Here is a math trick so unbelievable that it will stump you.
Personally I would like to know who came up with this and why that person
is not running the country.
Grab a calculator. (you won't be able to do this one in your Head)

1. Key in the first three digits of your phone number (NOT the Area code...)
2. Multiply by 80
3. Add 1
4. Multiply by 250
5. Add to this the last 4 digits of your phone number
6. Add to this the last 4 digits of your phone number again.
7. Subtract 250
8. Divide number by 2

Do you recognize the answer ??

pretty cool

Very cool. I tried it with different phone numbers and it worked each time. :)

Very cool. I tried it with different phone numbers and it worked each time. :)

If you want, figure out why it works. It's fun if you enjoy that kind of thing.

I do enjoy that kind of thing. I'm actually taking a college math course right now. It's part of the business/marketing diploma that I'm doing part-time. I barely have time to get my required homework done however, so I'm not sure that I'll have time to figure this out just for fun...at least not right now.

Cute. I was obsessively compelled to break it apart.

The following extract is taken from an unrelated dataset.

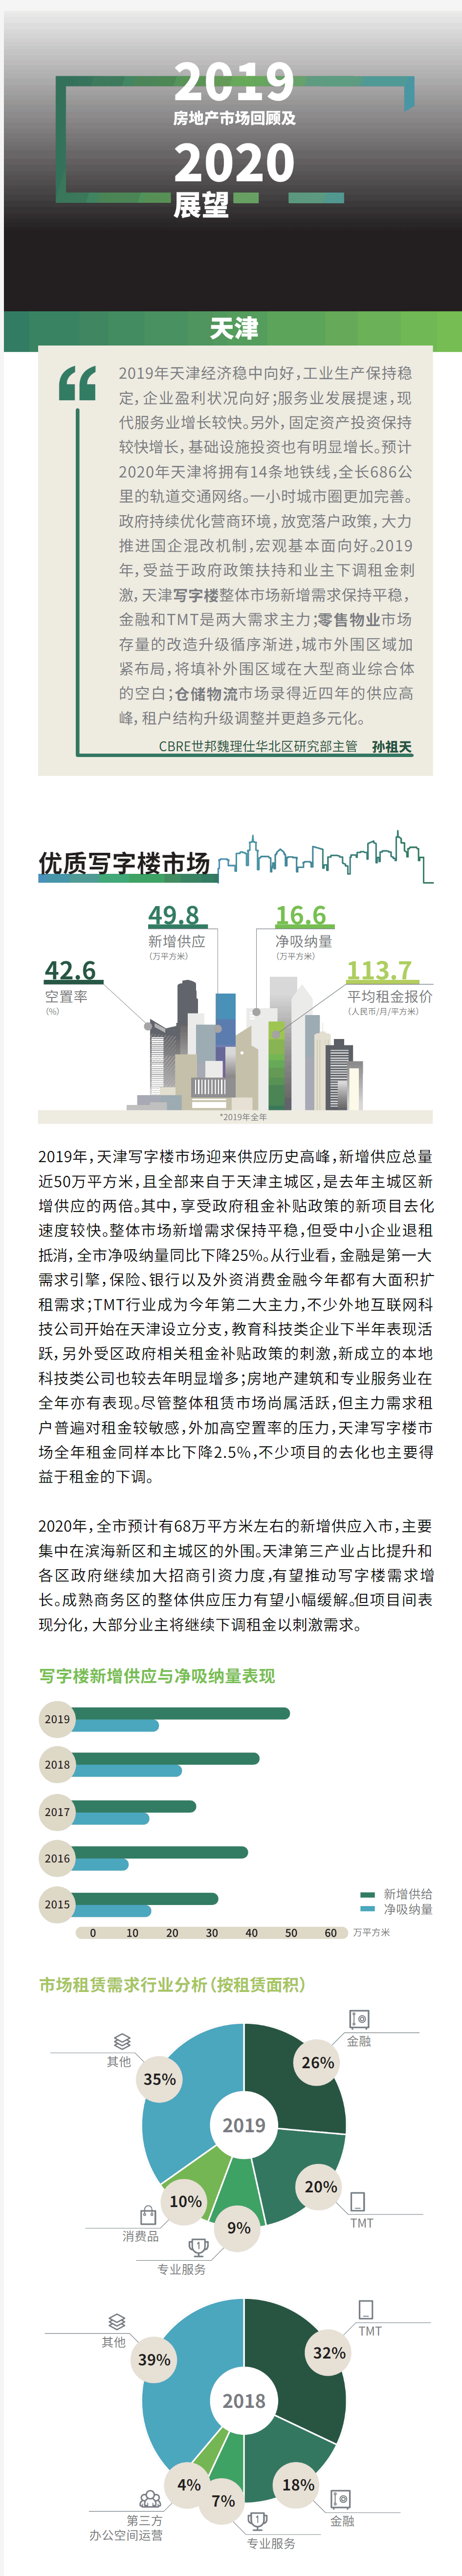 2019年天津房地产市场回顾及2020年展望

So...

When you multiply by 80 and then by 250, it's the same as multiplying by

(2 x 2 x 2 x 2 x 5) = 80

(2 x 5 x 5 x 5) = 250

if you regroup these 2 x (2x5) x (2x5) x (2x5) x (2x5) = 80x250
its the same as 2 x 10000.

lets call the first three digits of your phone # "ABC"
2 x 10000 x (ABC) = (2) x A,BC0,000

But, we had added a 1 that also got multiplied by 250. so that 'adds' 250 to this. So the sum at this point is

(2) x A,BC0,000 + 250 = (2) x A,BC0,250

But then all you do is add and subtract for steps 5, 6 and 7 and since it doesn't matter what order you add and subtract stuff, lets do step 7 first and subtract 250.

Now you still have
(2) x A,BC0,000

Let's call your last 4 digits "DEFG"
You add them twice, which is the same as adding (2) x DEFG so we can write this out as

[(2) x A,BC0,000] + [(2) x D,EFG]

equals

(2) x (A,BC0,000 + D,EFG)
(2) x (A,BCD,EFG)

Step 8 divide by 2

and you have A,BCD,EFG

neat :-)

Cute. I was obsessively compelled to break it apart. So...

neat :-)

Perfect! Your explanation was very good. There's no need for me to explain, but I wrote it a little different, so I will.

Great job!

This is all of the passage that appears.